_Problem_.
Produce a word-for-word copy of the listing below without its pictures.

_Dataset section_.
------------------------------------------------

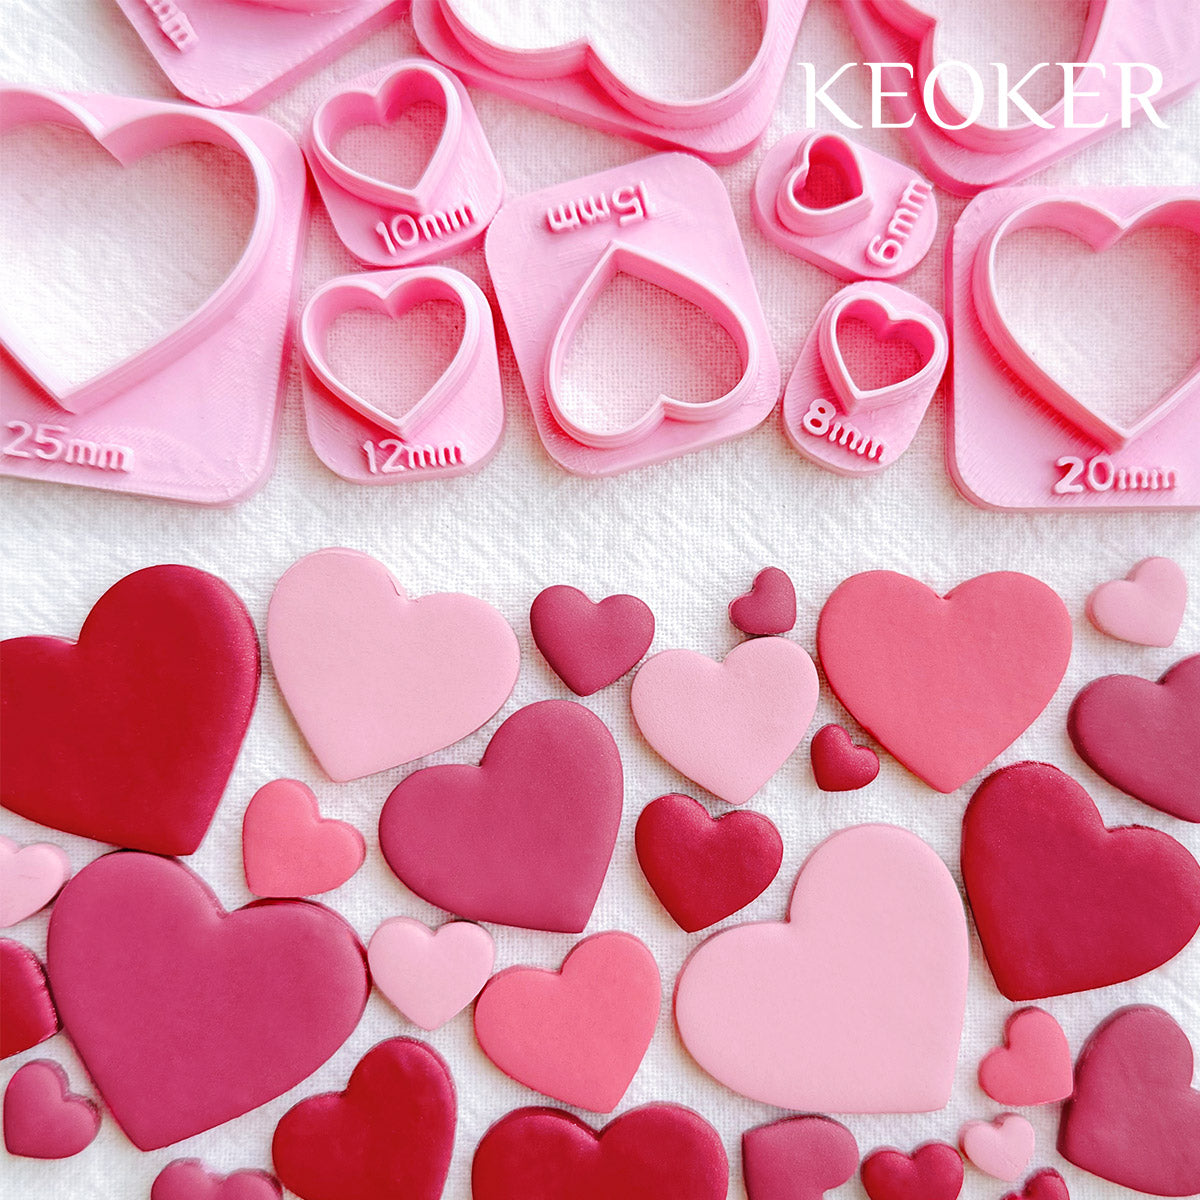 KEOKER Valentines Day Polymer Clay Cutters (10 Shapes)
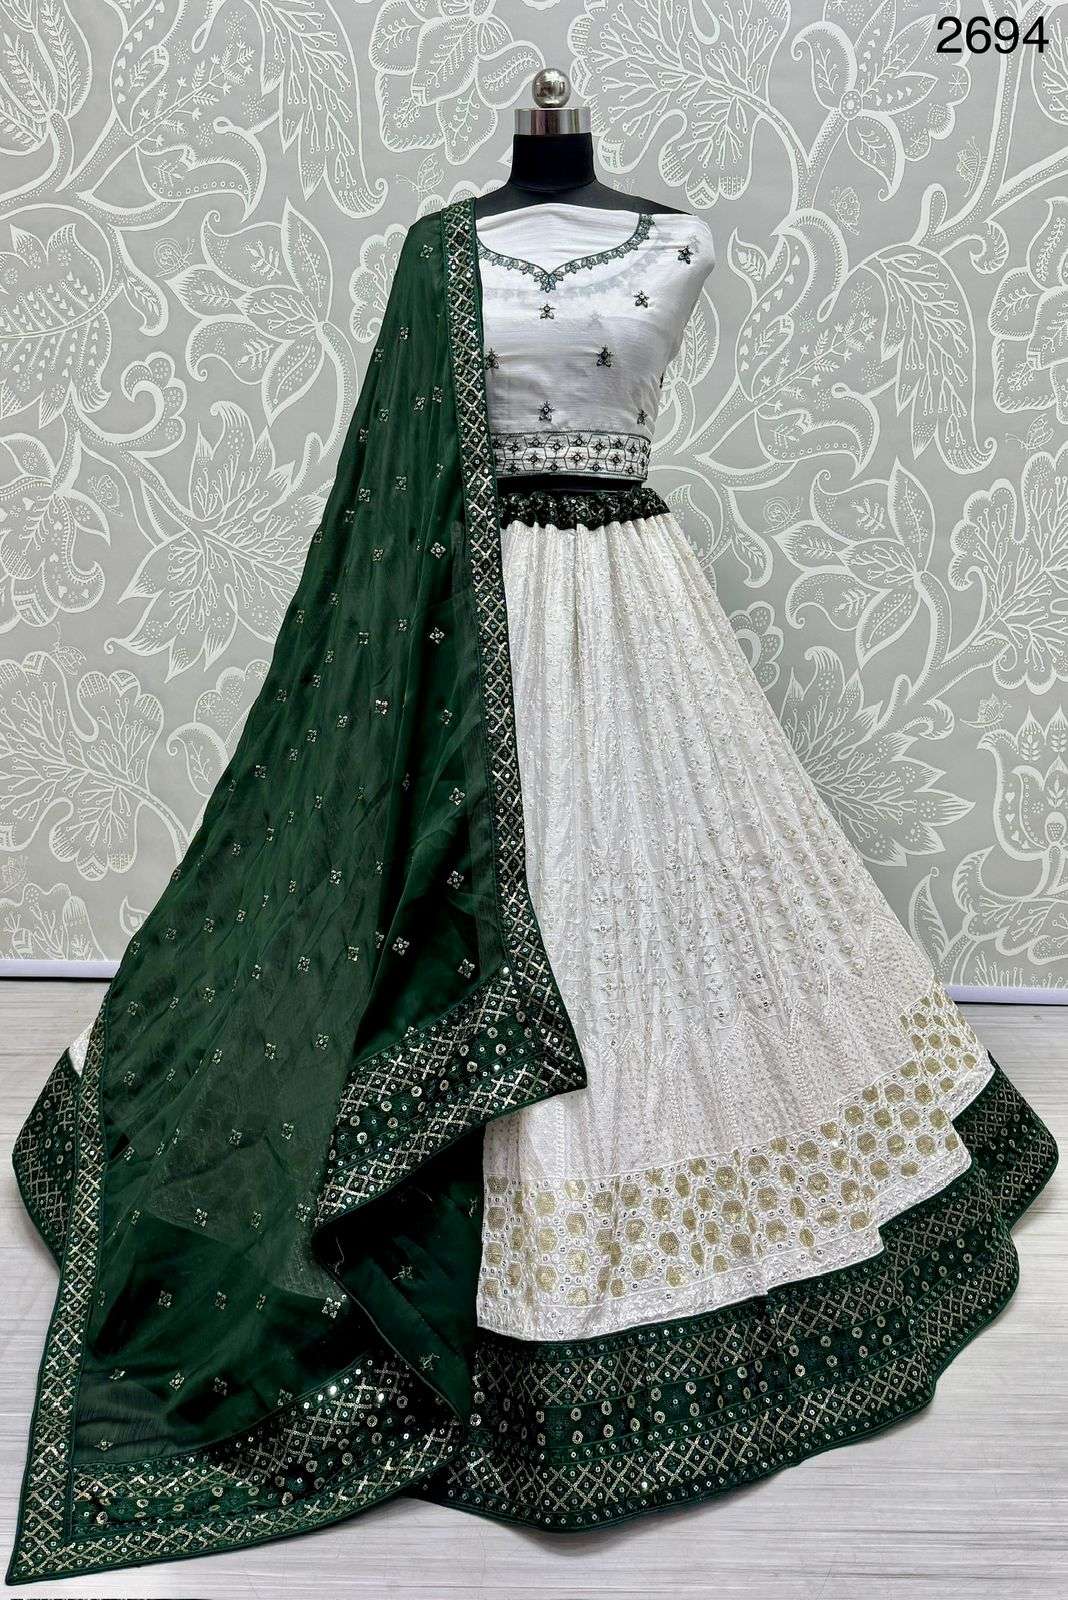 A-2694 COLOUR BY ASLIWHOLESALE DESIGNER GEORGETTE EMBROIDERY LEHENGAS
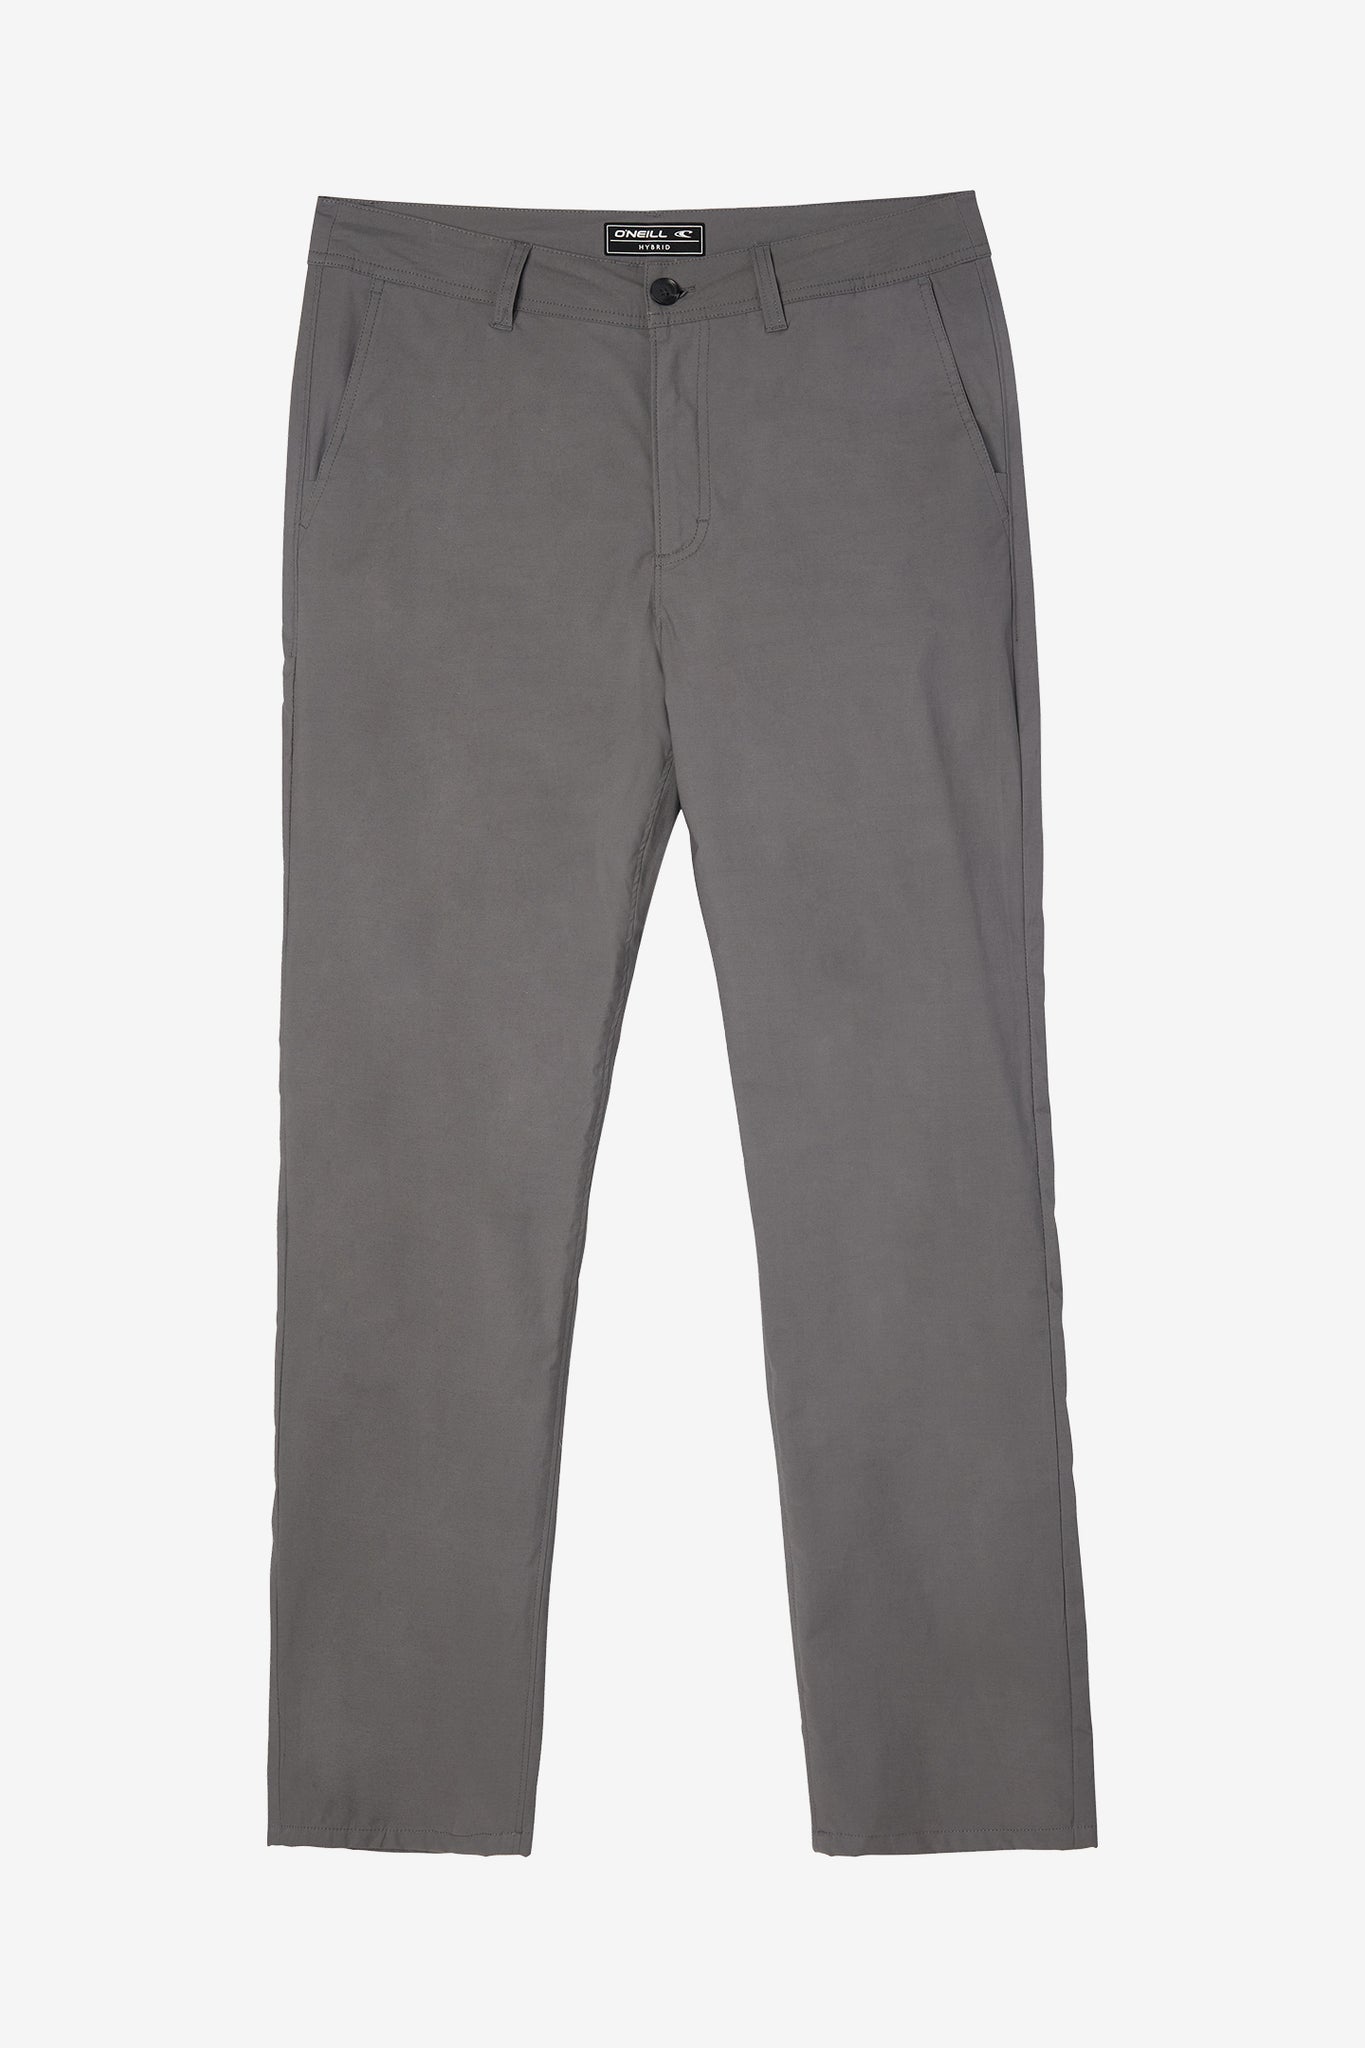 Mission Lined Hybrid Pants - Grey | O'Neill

------------------------------------------------

_Written solution_.
 KEOKER Valentines Day Polymer Clay Cutters (10 Shapes)
 A-2694 COLOUR BY ASLIWHOLESALE DESIGNER GEORGETTE EMBROIDERY LEHENGAS
 Mission Lined Hybrid Pants - Grey | O'Neill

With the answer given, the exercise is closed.